BEGIN Task material

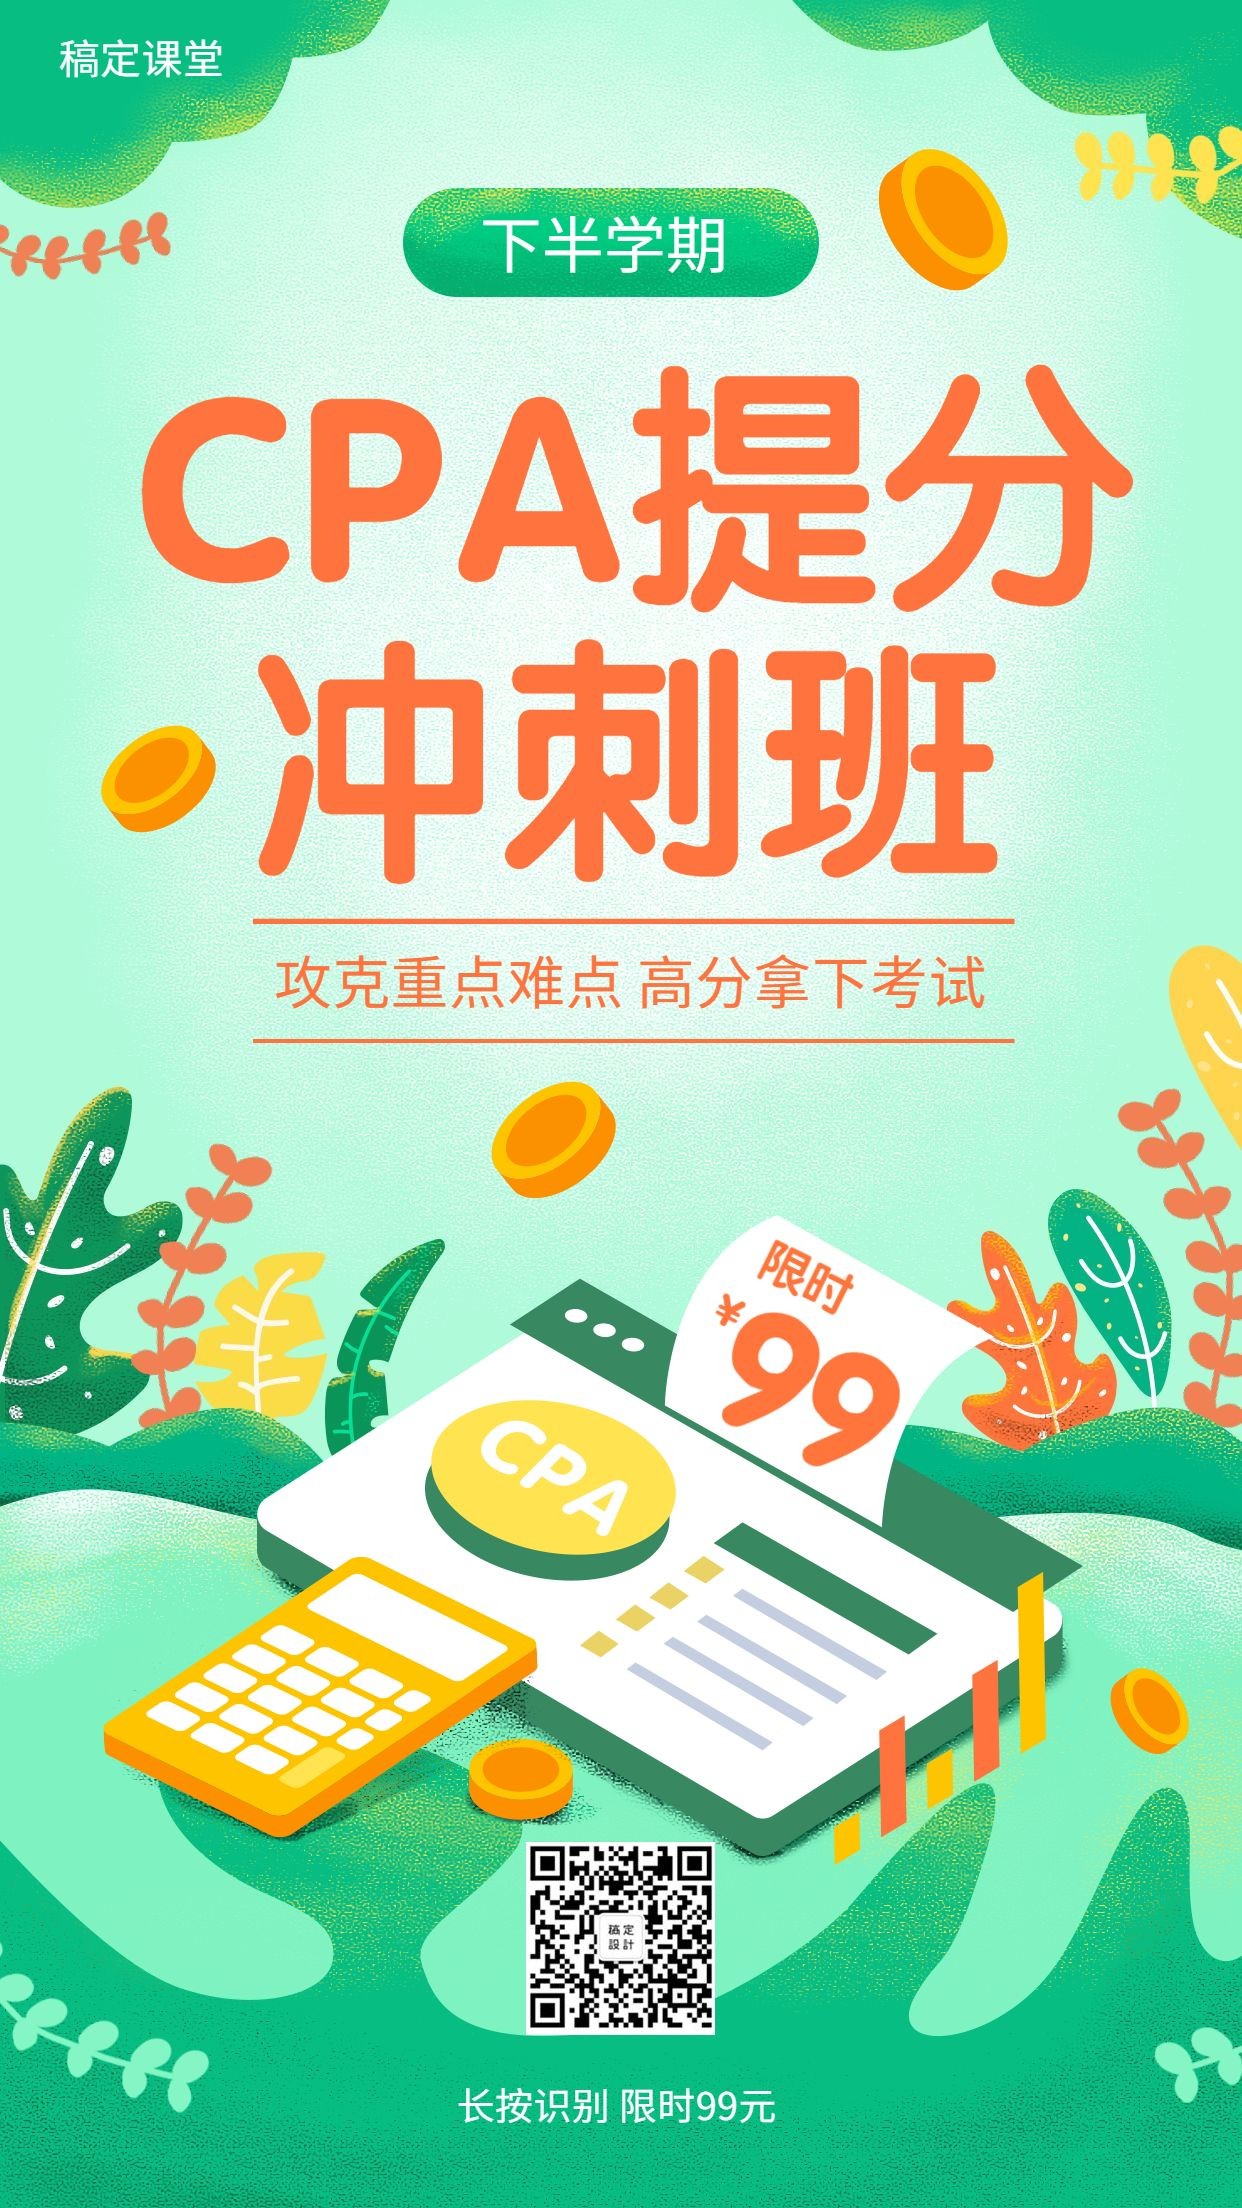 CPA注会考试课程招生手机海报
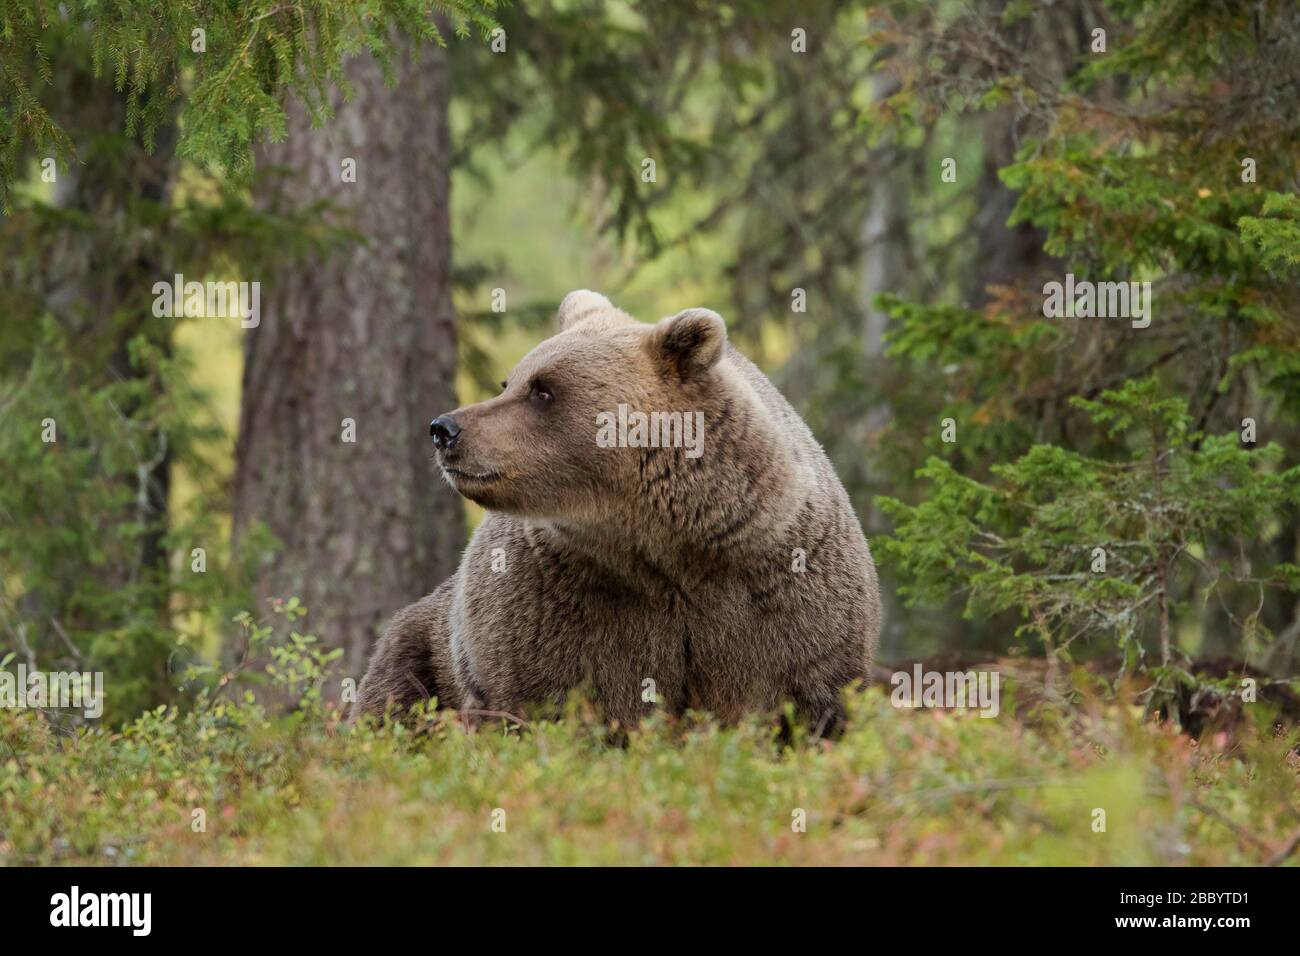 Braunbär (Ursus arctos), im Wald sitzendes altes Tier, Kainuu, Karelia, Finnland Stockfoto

END Task material
BEGIN Task material

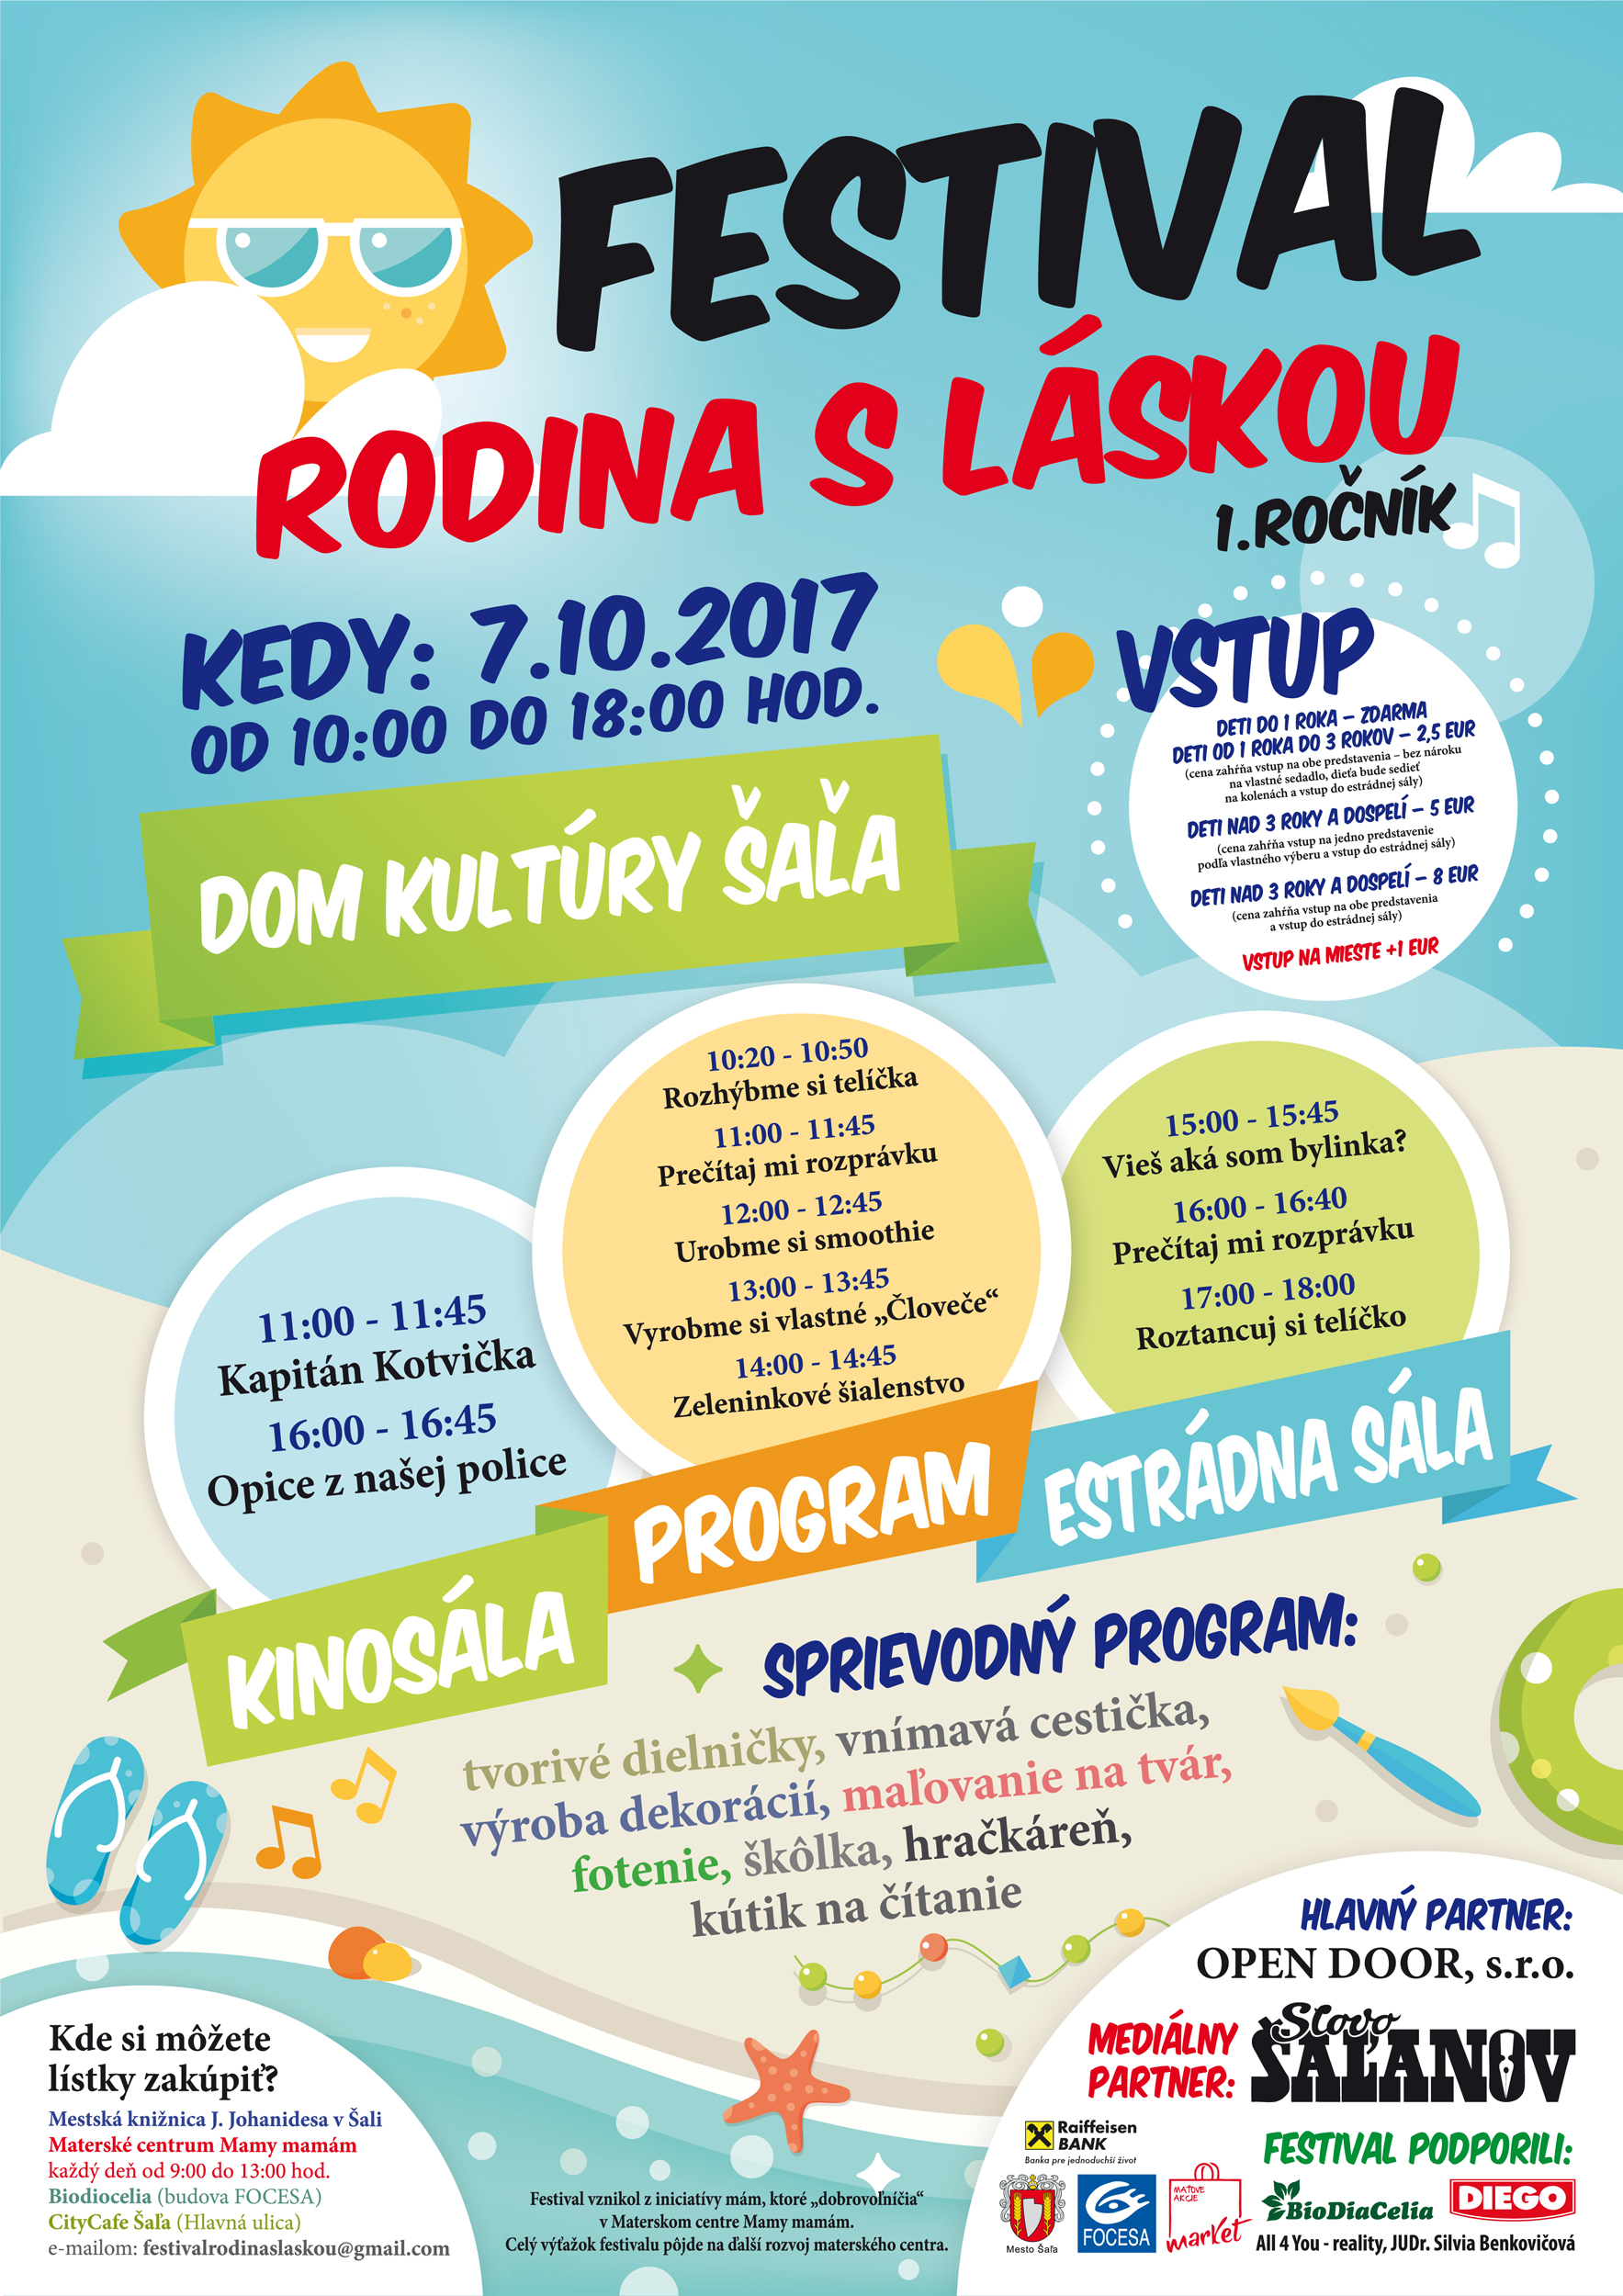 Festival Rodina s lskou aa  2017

END Task material

● **Problem requirements**: Only one stretch of the data is wanted: write out exactly the lines from the one holding "CPA注会考试课程招生手机海报" through the one holding "Braunbär (Ursus arctos), im", both included, without the pictures.

● **Answer for this exercise**:
 CPA注会考试课程招生手机海报
 Braunbär (Ursus arctos), im Wald sitzendes altes Tier, Kainuu, Karelia, Finnland Stockfoto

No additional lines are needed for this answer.